----- PROVIDED DATA

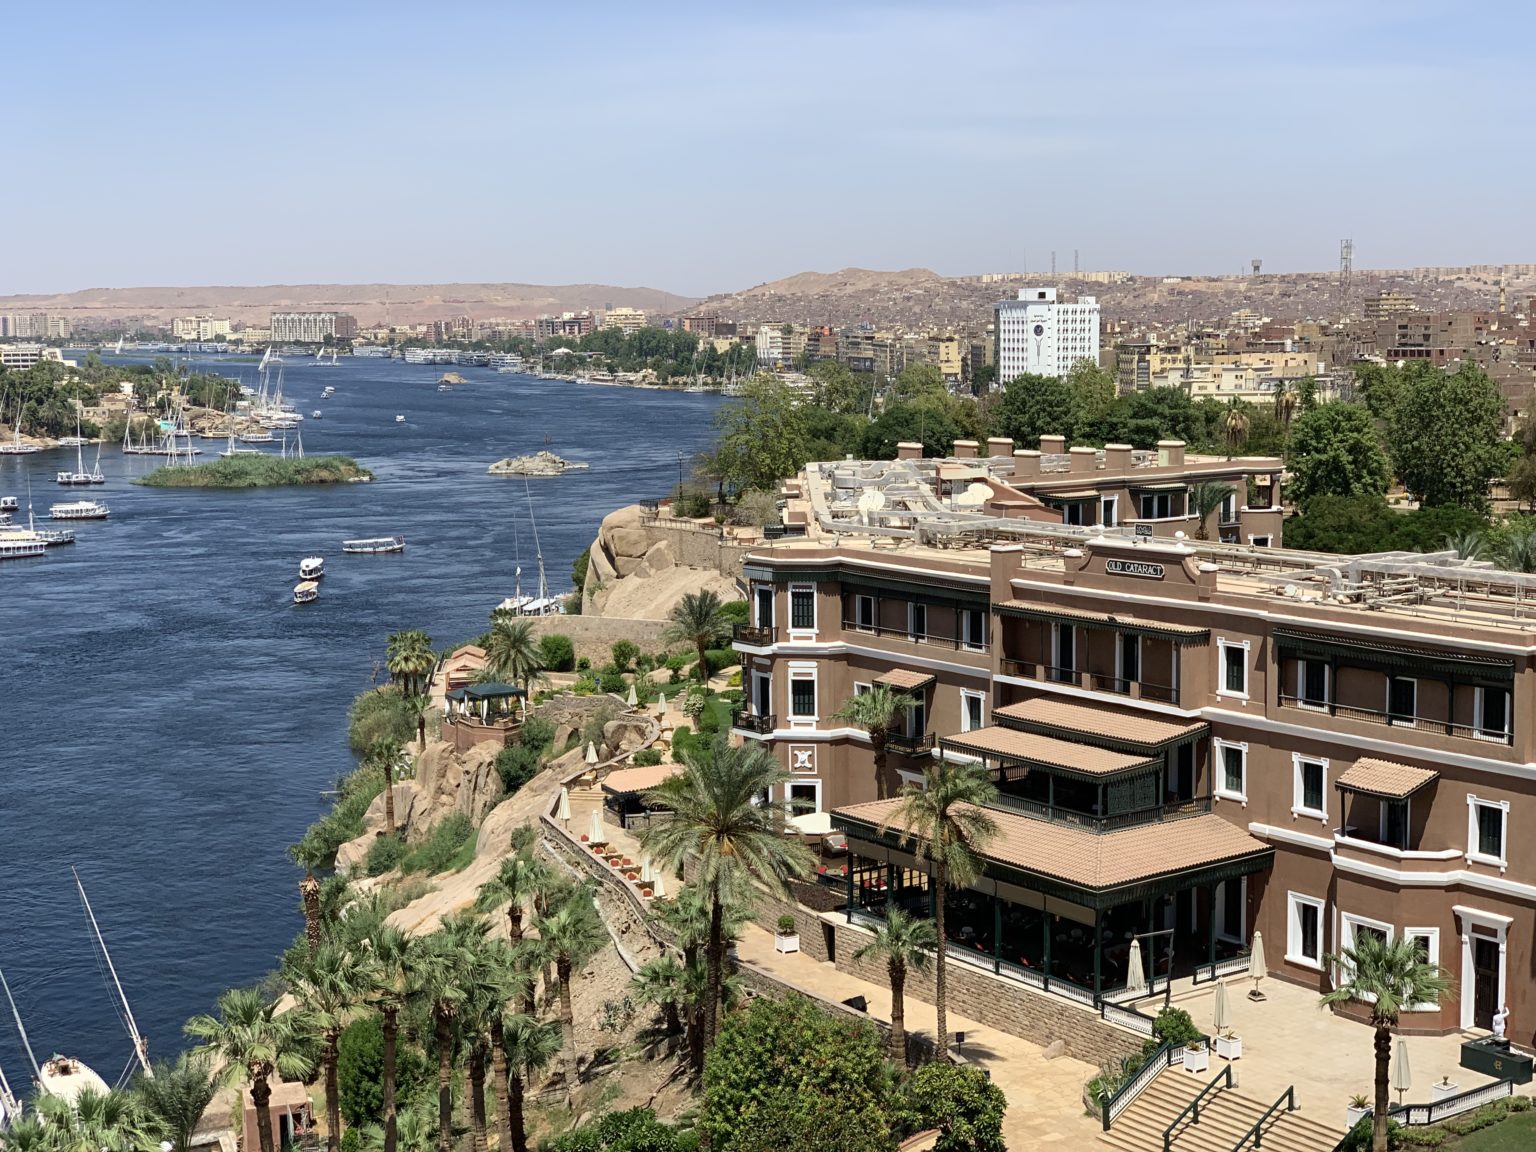 Aswan city and river view with Old Cataract Hotel
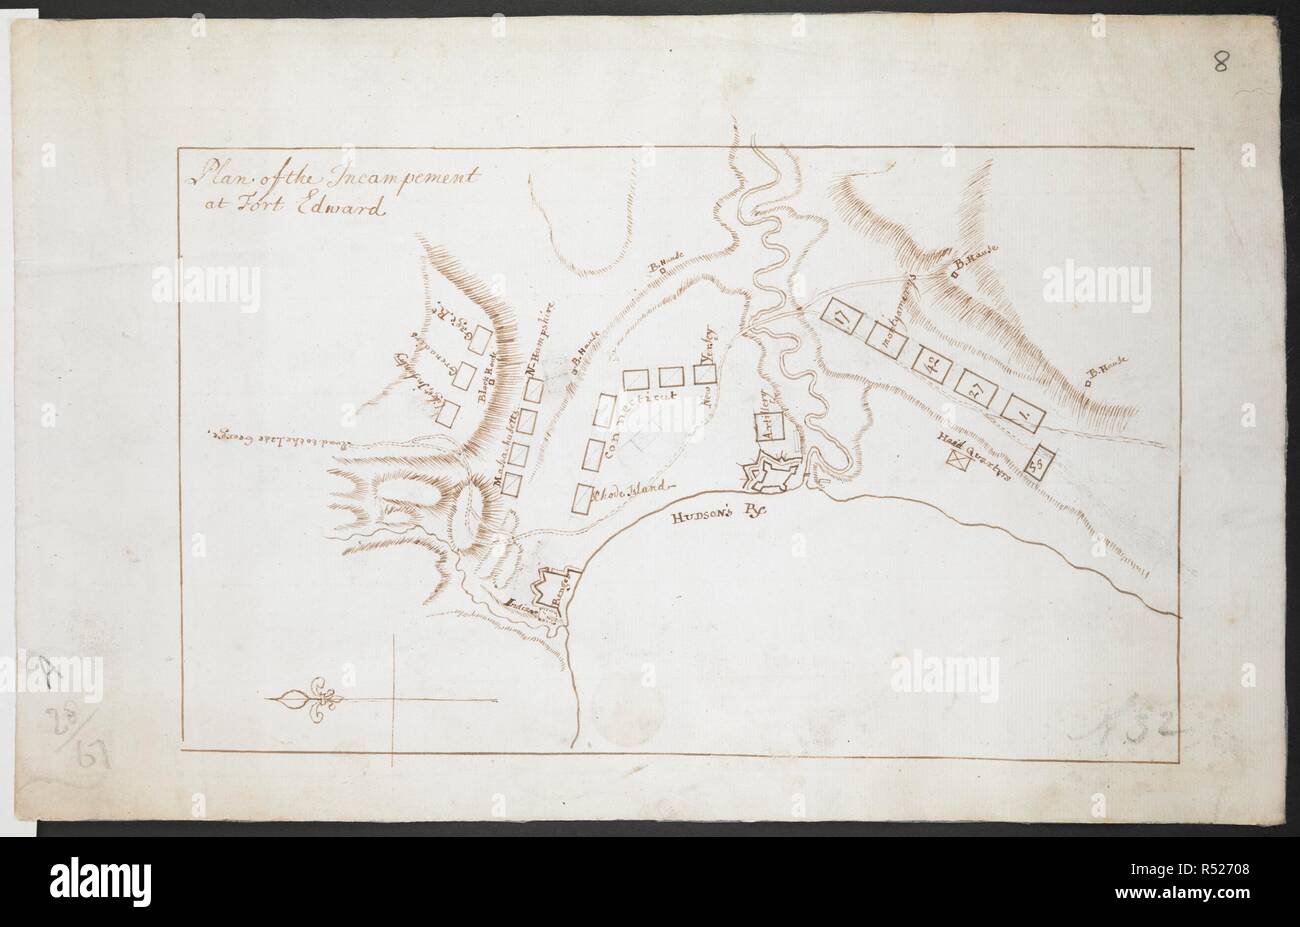 Plan of the incampement of Fort Edward', possibly by Thomas Sowers. . R.U.S.I. MAPS. Vol. LXXVI (1-13). 57711 (1-4). Places in states North-East of New York. 18th century. circa 1759 . Map oriented with East at top. Ink on paper. 160 x 260mm. No scale given. Source: Add. 57711.8 Amherst no. A 32. R.U.S.I. no. A 28.67. Stock Photo
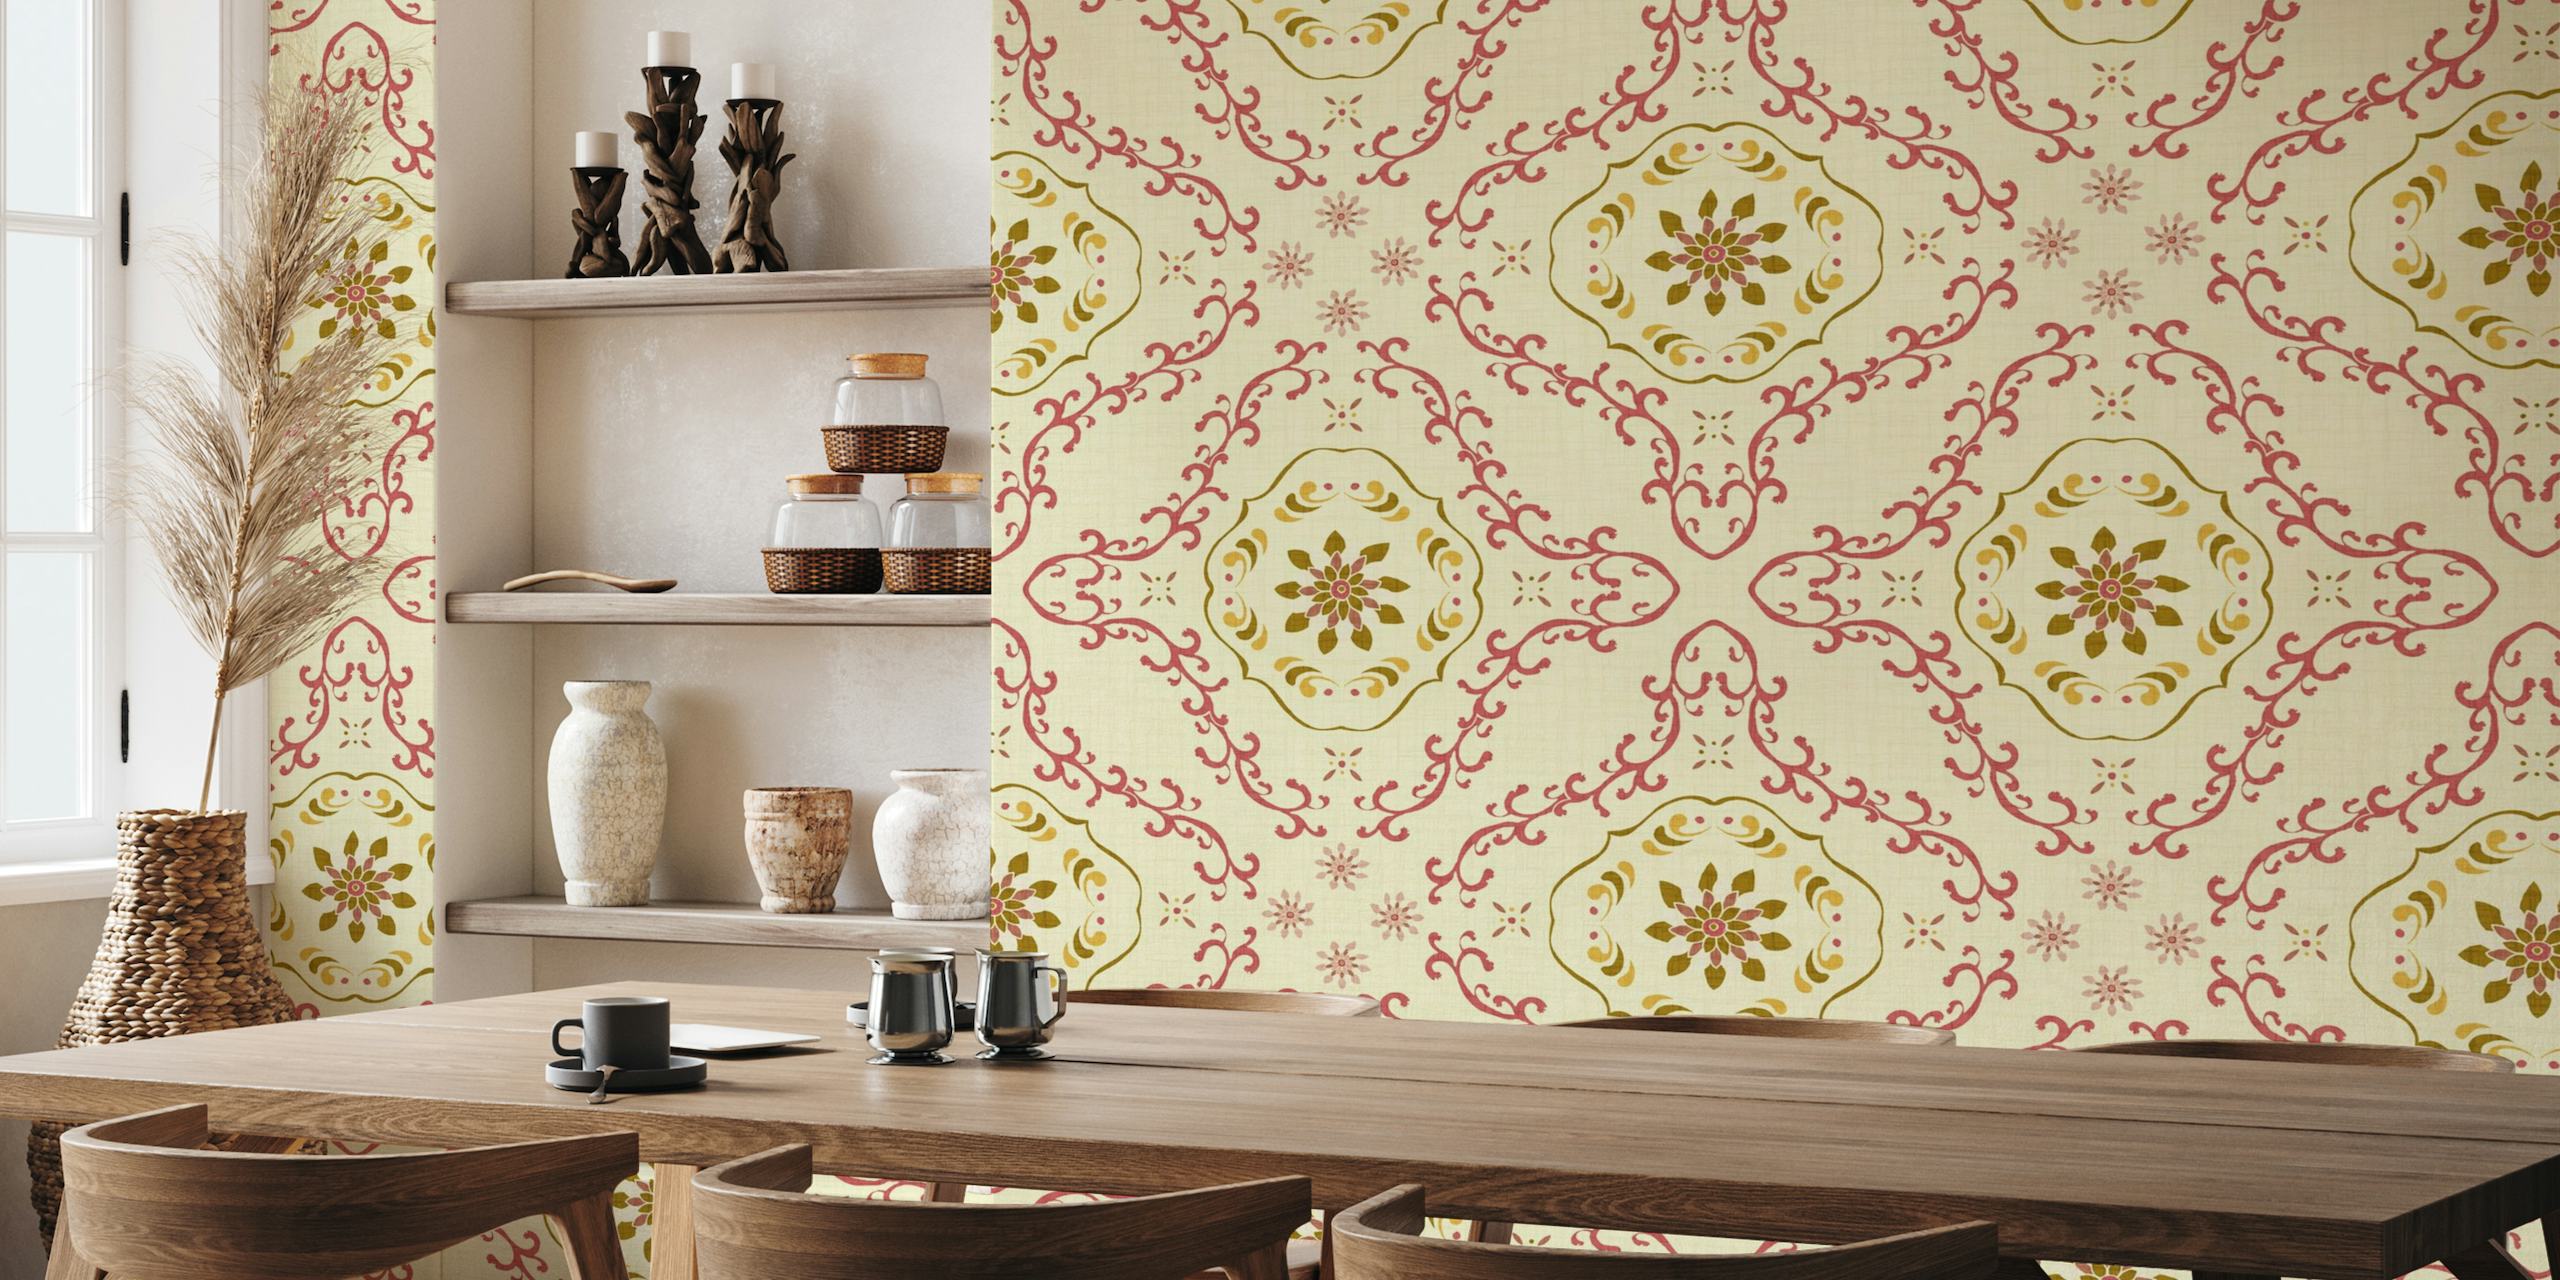 Vintage-inspired wall mural of floral tiles in pink and gold tones with olive accents on a cream background
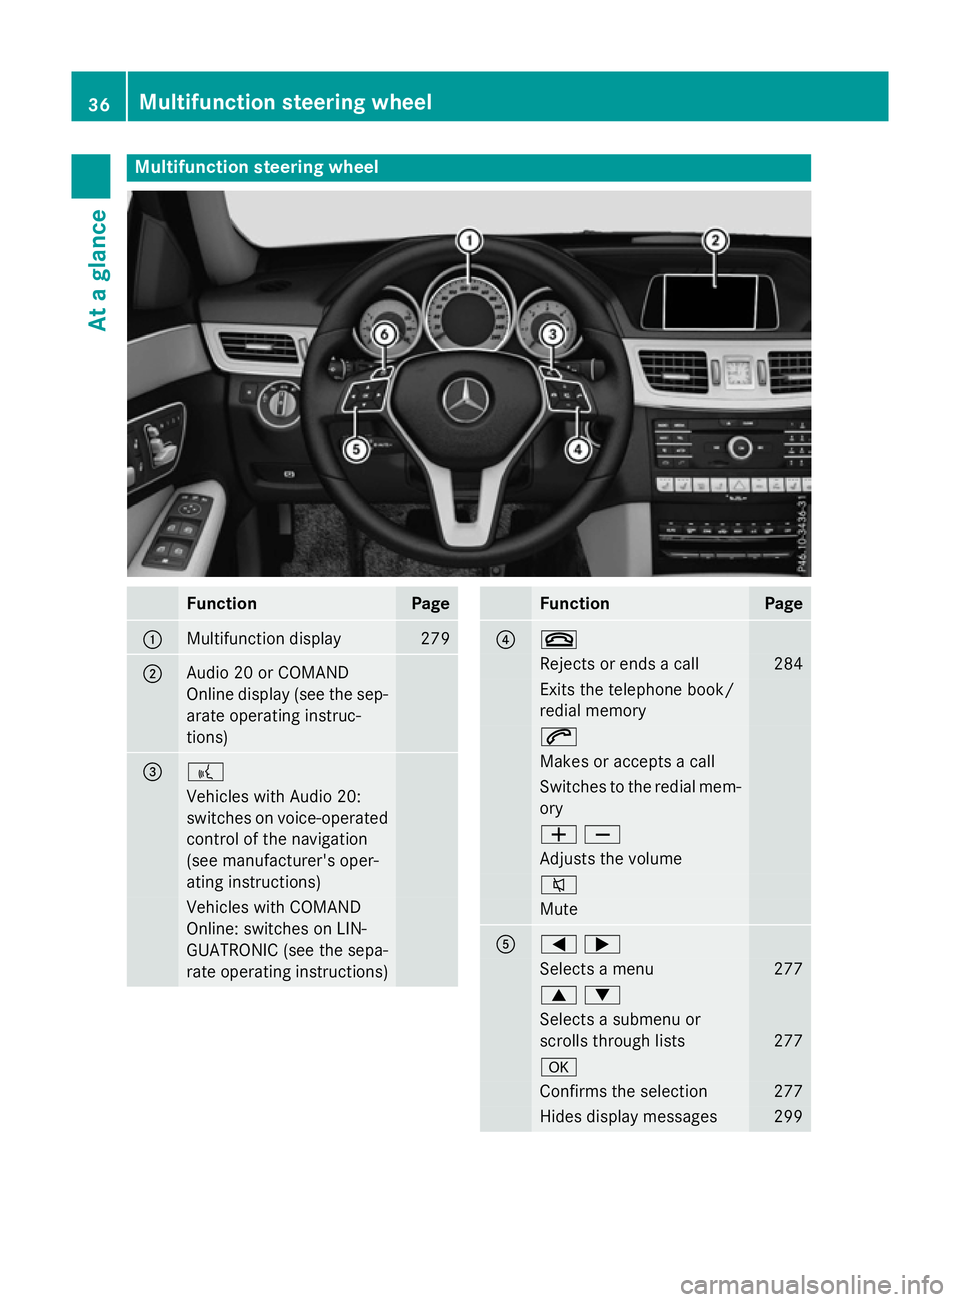 MERCEDES-BENZ E-CLASS SALOON 2015 Owners Guide Multifunction steering wheel
Function Page
:
Multifunction display 279
;
Audi
o20orC OMAND
Online display (see the sep-
arate operating instruc-
tions) = ?
Vehicles with Audi
o20:
switches on voice-op

----------

■ WHAT TO PRODUCE ■
Take the line that contains "MERCEDES-BENZ E-CLASS SALOON" and every line after it down to the last line of the entries above, and output them exactly, with nothing else and no pictures.

■ EXERCISE RESPONSE ■
 MERCEDES-BENZ E-CLASS SALOON 2015 Owners Guide Multifunction steering wheel
Function Page
:
Multifunction display 279
;
Audi
o20orC OMAND
Online display (see the sep-
arate operating instruc-
tions) = ?
Vehicles with Audi
o20:
switches on voice-op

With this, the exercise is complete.